According to Google, utilizing rel=prev/subsequent will not be an indexing sign anymore, as introduced earlier this 12 months:

“As we evaluated our indexing signals, we decided to retire rel=prev/next. Studies show that users love single-page content, aim for that when possible, but multi-part is also fine for Google Search.”
– Tweeted by Google Webmasters

However, in case it issues for you, Bing says it makes use of them as hints for web page discovery and website construction understanding.

“We’re using these (like most markup) as hints for page discovery and site structure understanding. At this point, we’re not merging pages together in the index based on these and we’re not using prev/next in the ranking model.”
– Frédéric Dubut from Bing

Nevertheless, listed below are the utilization stats we discovered whereas taking a look at thousands and thousands of index pages:



<hyperlink rel="prev" href="*"


<hyperlink rel="next" href="*"


That’s just about it!

Knowing how the typical net web page appears utilizing information from about eight million index pages can provide us a clearer thought of tendencies and assist us visualize frequent utilization of HTML in terms of search engine marketing trendy and rising strategies. But this can be a unending saga — whereas having tons of numbers and stats to discover, there are nonetheless tons of questions that want answering:

  • We know the way structured information is used within the wild now. How will it evolve and the way a lot structured information will probably be thought-about sufficient?
  • Should we anticipate AMP utilization to extend someplace sooner or later?
  • How will rel=”sponsored” and rel=“ugc” change the way in which we write HTML every day? When coding exterior hyperlinks, apart from the goal=”_blank” and rel=“noopener” combo, we now have to think about the rel=”sponsored” and rel=“ugc” mixtures as nicely.
  • Will we ever study to all the time add alt attributes values for pictures which have a objective past ornament?
  • How many extra extra meta tags or attributes will we’ve so as to add to an internet web page to please the various search engines? Do we actually wanted the newly introduced data-nosnippet HTML attribute? What’s subsequent, data-allowsnippet?

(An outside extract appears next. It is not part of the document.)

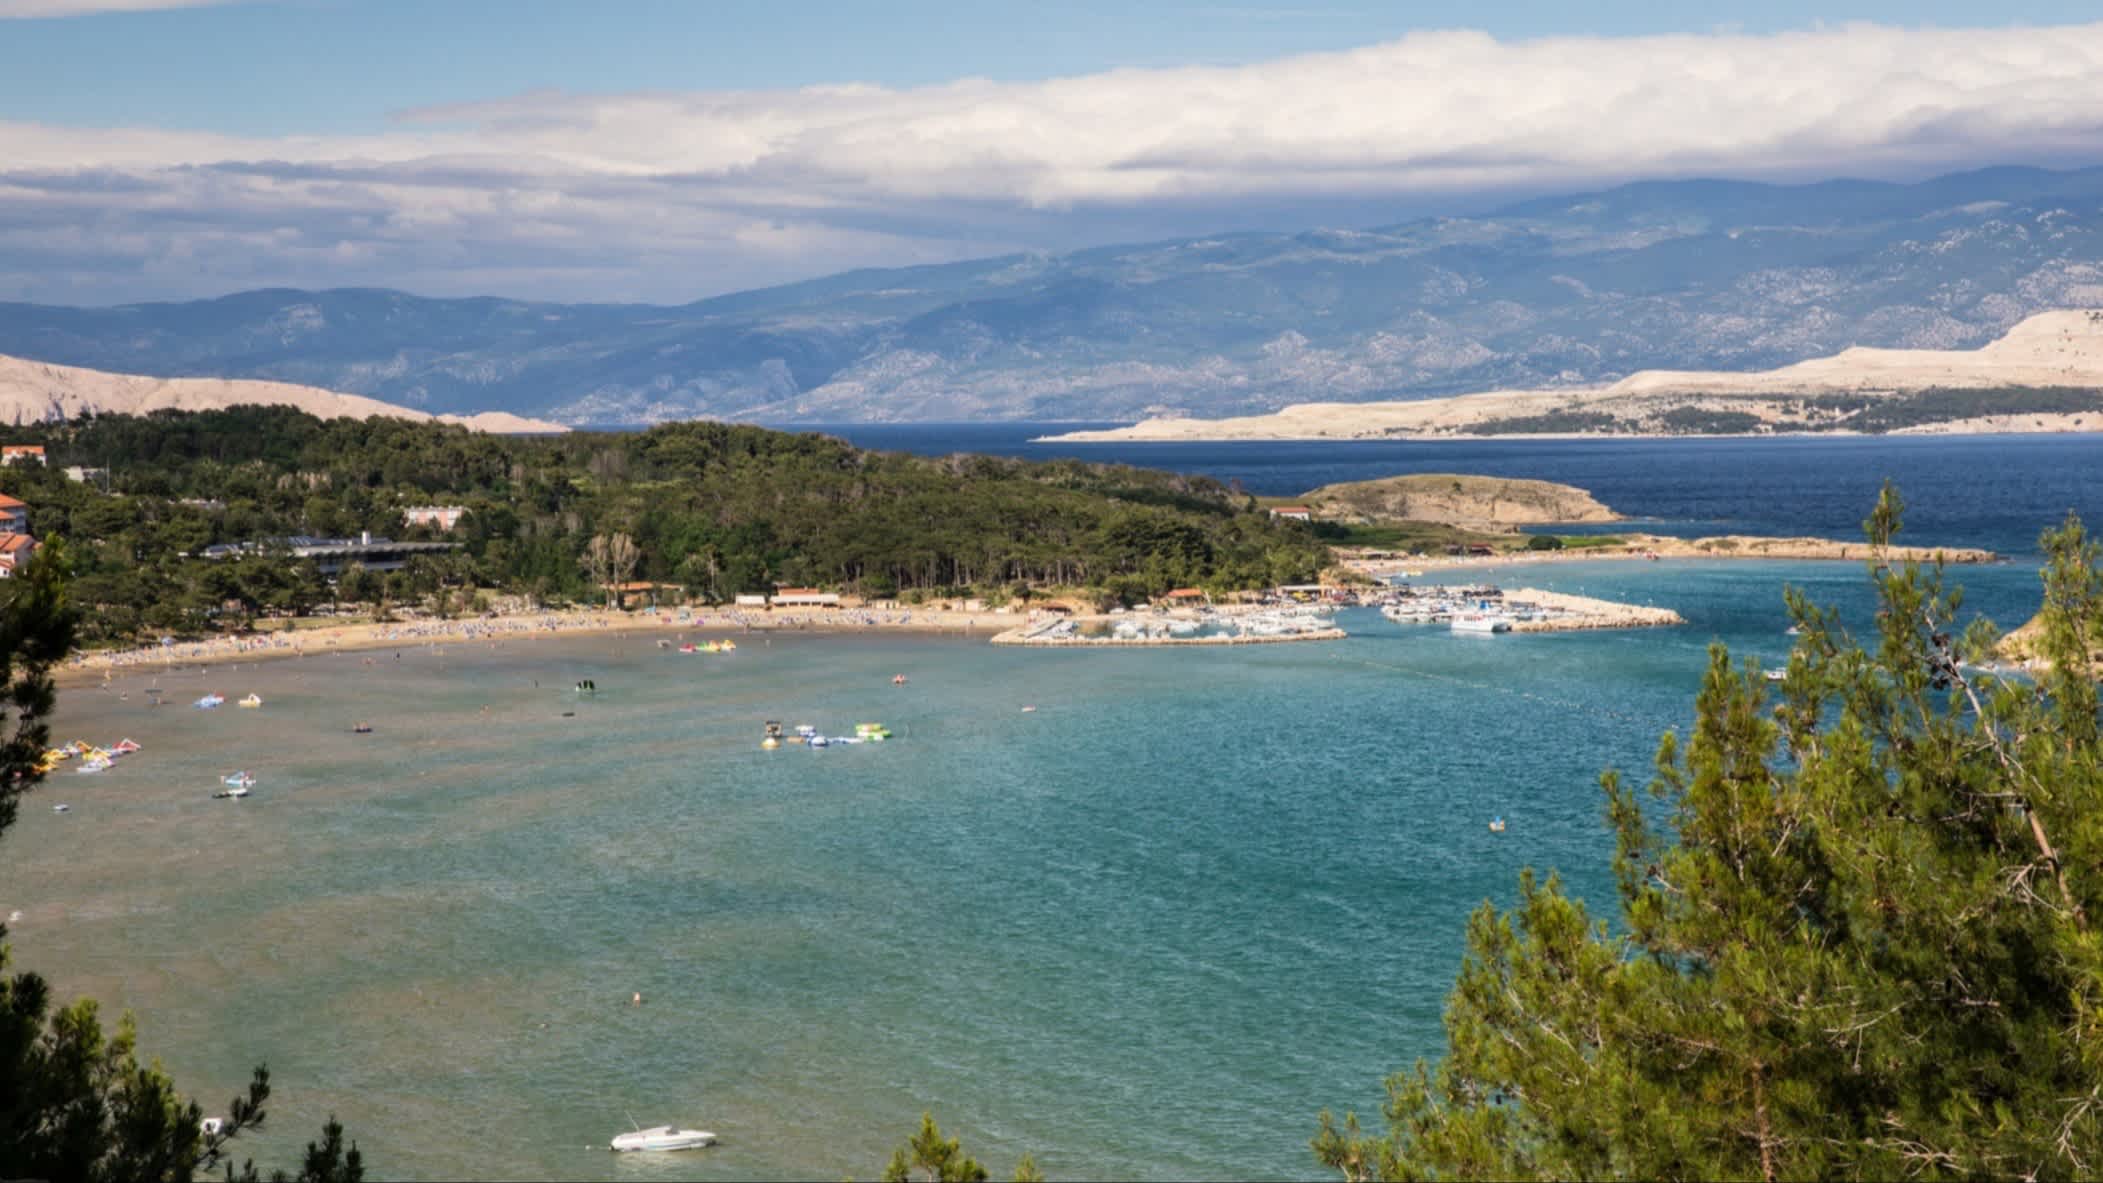 Strand von Lopar, Insel Rab, Kroatien mit Blick auf das blaue Meer und die Bucht von einem Viewpoint aus.
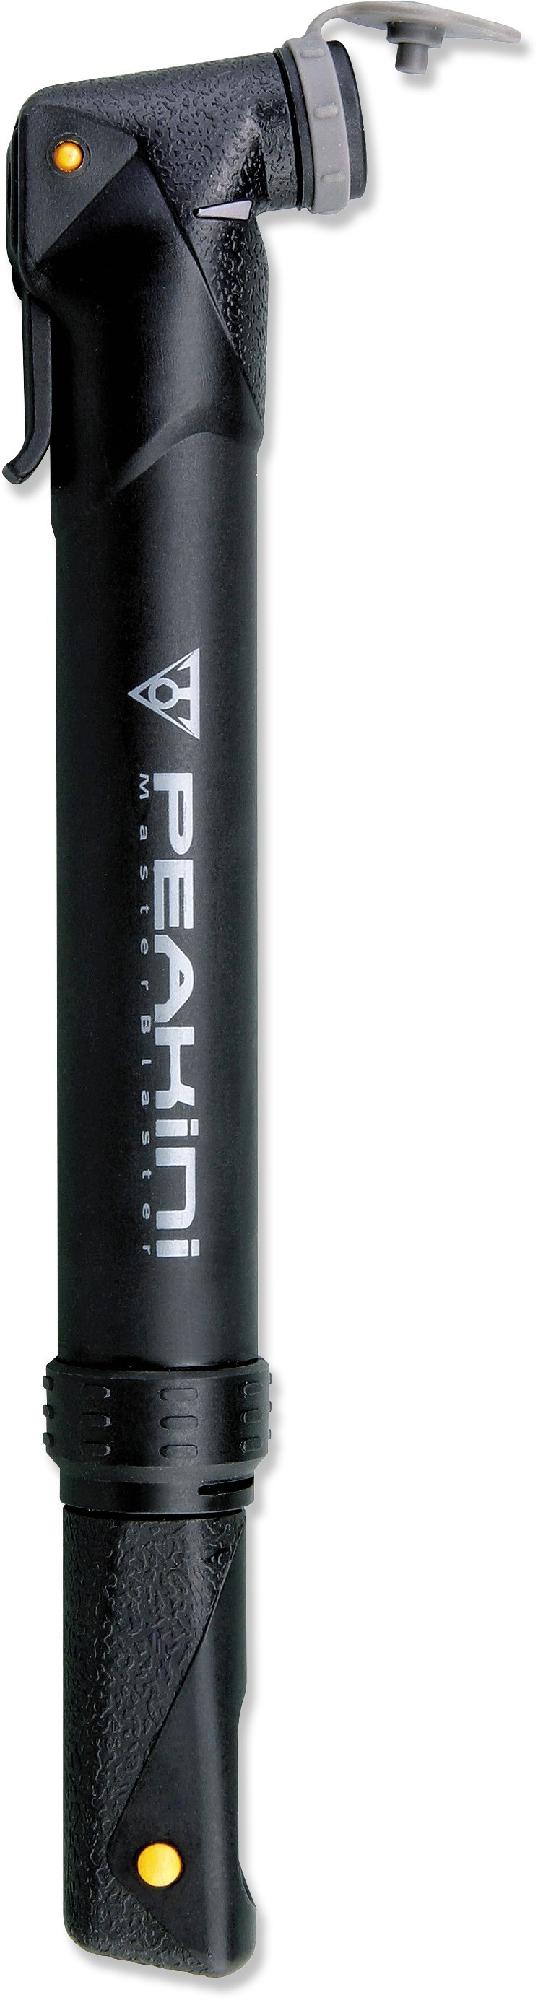 Мини-насос Peakini II Topeak насос велосипедный накачиваемый высокого давления west biking фунтов на квадратный дюйм алюминиевый со шлангом

There are different issues we might have appreciated to deal with as nicely, like “time-to-first-byte” (TTFB) values, which correlates extremely with rating; I would extremely advocate HTTP Archive for that. They periodically crawl the highest websites on the net and report detailed details about nearly all the things. According to the newest data, they’ve analyzed four,565,694 distinctive web sites, with full Lighthouse scores and having saved explicit applied sciences like jQuery or WordPress for the entire information set. Huge props to Rick Viscomi who does an incredible job as its “steward,” as he likes to name himself.

Performing this large-scale research was a enjoyable trip. We realized quite a bit and we hope you discovered the above numbers as fascinating as we did. If there’s a tag or attribute specifically you wish to see the numbers for, please let me know within the feedback under.

Once once more, try the complete HTML research outcomes and let me know what you assume!

Source hyperlink Internet Marketing

Be the first to comment

Leave a Reply

Your email address will not be published.